Les Auberges du cœur ont pour vocation d’offrir aux jeunes hébergés, en plus de l’hébergement, un
soutien très large tenant compte de l’ensemble de leurs besoins, limites et aspirations. Ce choix repose
sur la conviction que les difficultés vécues doivent être regardées globalement. En résumé, l’approche
des Auberges du cœur est avant tout : globale; souple; pragmatique; fondée sur des valeurs de
collaboration; d’entraide et de respect de l’individu.
L’essentiel de l’action des Auberges du cœur s’articule autour d’un certain nombre d’objectifs généraux.
Parmi ceux-ci on compte :
 Aider les jeunes sans abri à sortir de l’errance;
 Soutenir les jeunes en difficulté afin d’éviter qu’ils se retrouvent à la rue;
 Favoriser l’intégration sociale de ces jeunes en soutenant de manière active leur quête d’autonomie;
 Favoriser la résolution de conflits familiaux et la réintégration dans la famille des adolescents;
 Aider les jeunes à recréer des liens significatifs pouvant les stimuler à s’investir dans un projet de vie;
 Agir sur les aspects socioéconomiques qui les conduisent à la rue et qui compromettent leur
intégration à la société québécoise : pauvreté, accès à l’emploi, au logement, à l’éducation, etc.
Les Auberges du cœur offrent plus de 300 lits, 150 places en appartements supervisés et logements dans
la communauté à partir desquels ils hébergement, accueillent et soutiennent près de 3000 jeunes.

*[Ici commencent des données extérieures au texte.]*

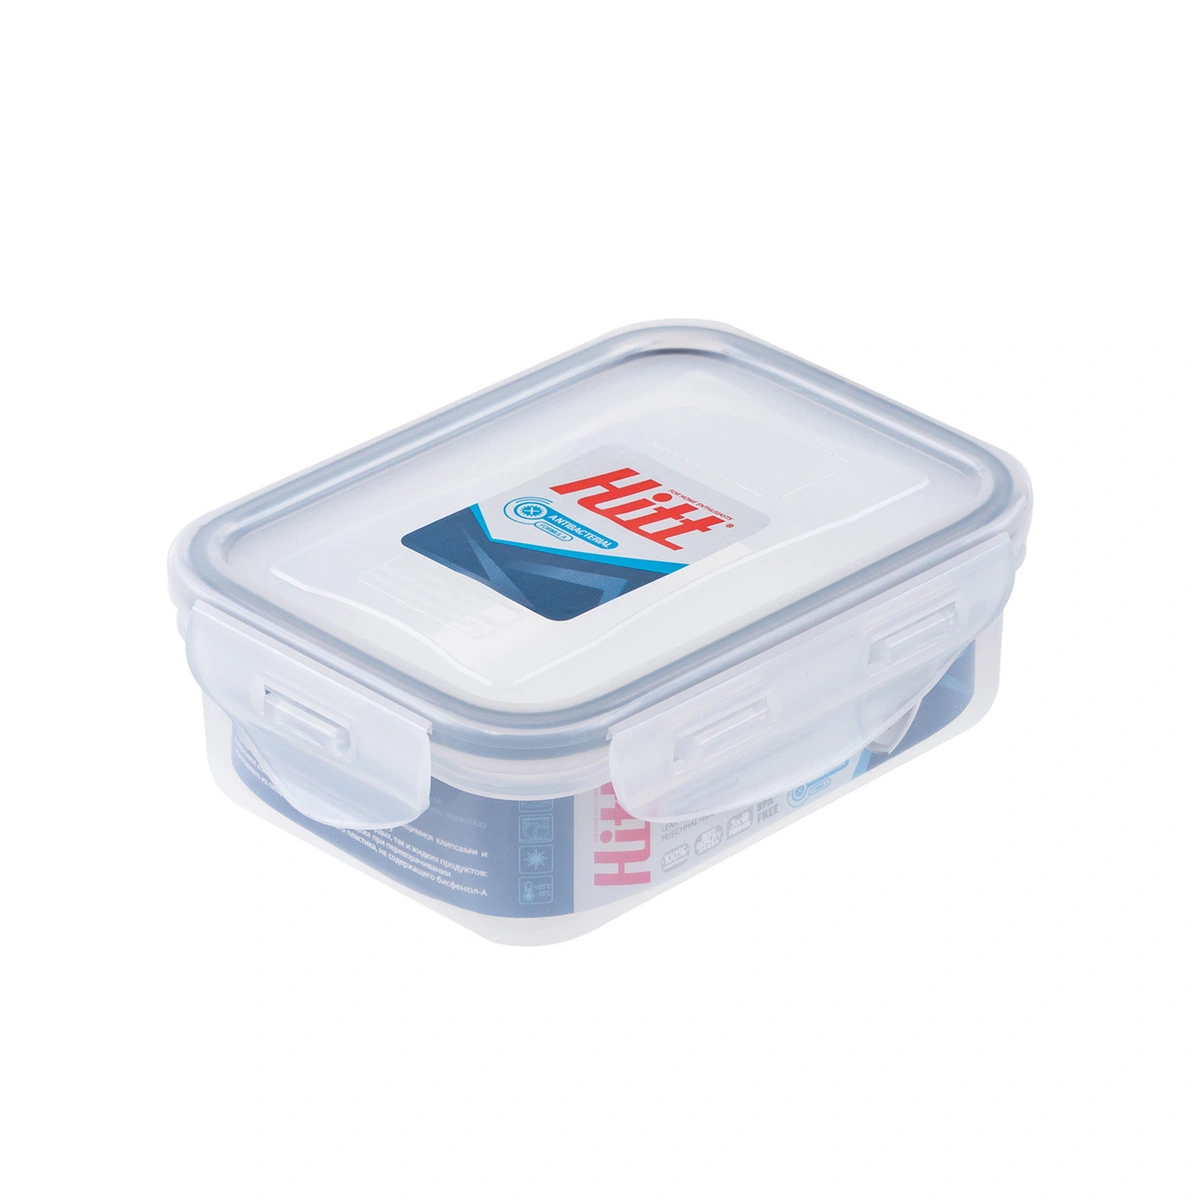 Контейнер герметичный антибактериальный Hitt 330 мл контейнер для хранения и стерилизации детских сосок и пустышек синий

Chaque jeune a son histoire.
Chaque jeune est différent.
Chaque jeune vit à son propre rythme.
Les jeunes qui viennent dans les Auberges du coeur sont des jeunes volontaires qui souhaitent améliorer
leurs conditions de vie, trouver un lieu de répit, se donner un toit, chercher du soutien. Les difficultés
rencontrées par les jeunes hébergés par les Auberges au moment de préparer ou de faire leur entrée
dans la vie adulte sont nombreuses et souvent accablantes: ruptures familiales, pauvreté, solitude,
impression d'échec, dépression, toxicomanie, maladies (VIH, hépatites B et C), etc.
Simples aventures de jeunesse ? Certainement pas. Le témoignage de la plupart des 3000 jeunes
hébergés chaque année par les Auberges du cœur nous parle plutôt d’insécurité, d’angoisse et d’une
profonde solitude. Ces jeunes luttent pied à pied au quotidien avec la pauvreté et le mal de vivre dans un
contexte d’isolement social qui présente toujours le risque de les voir glisser vers l’itinérance chronique.
Essentiellement, leur préoccupation de tous les jours en est une de survie, rien de moins.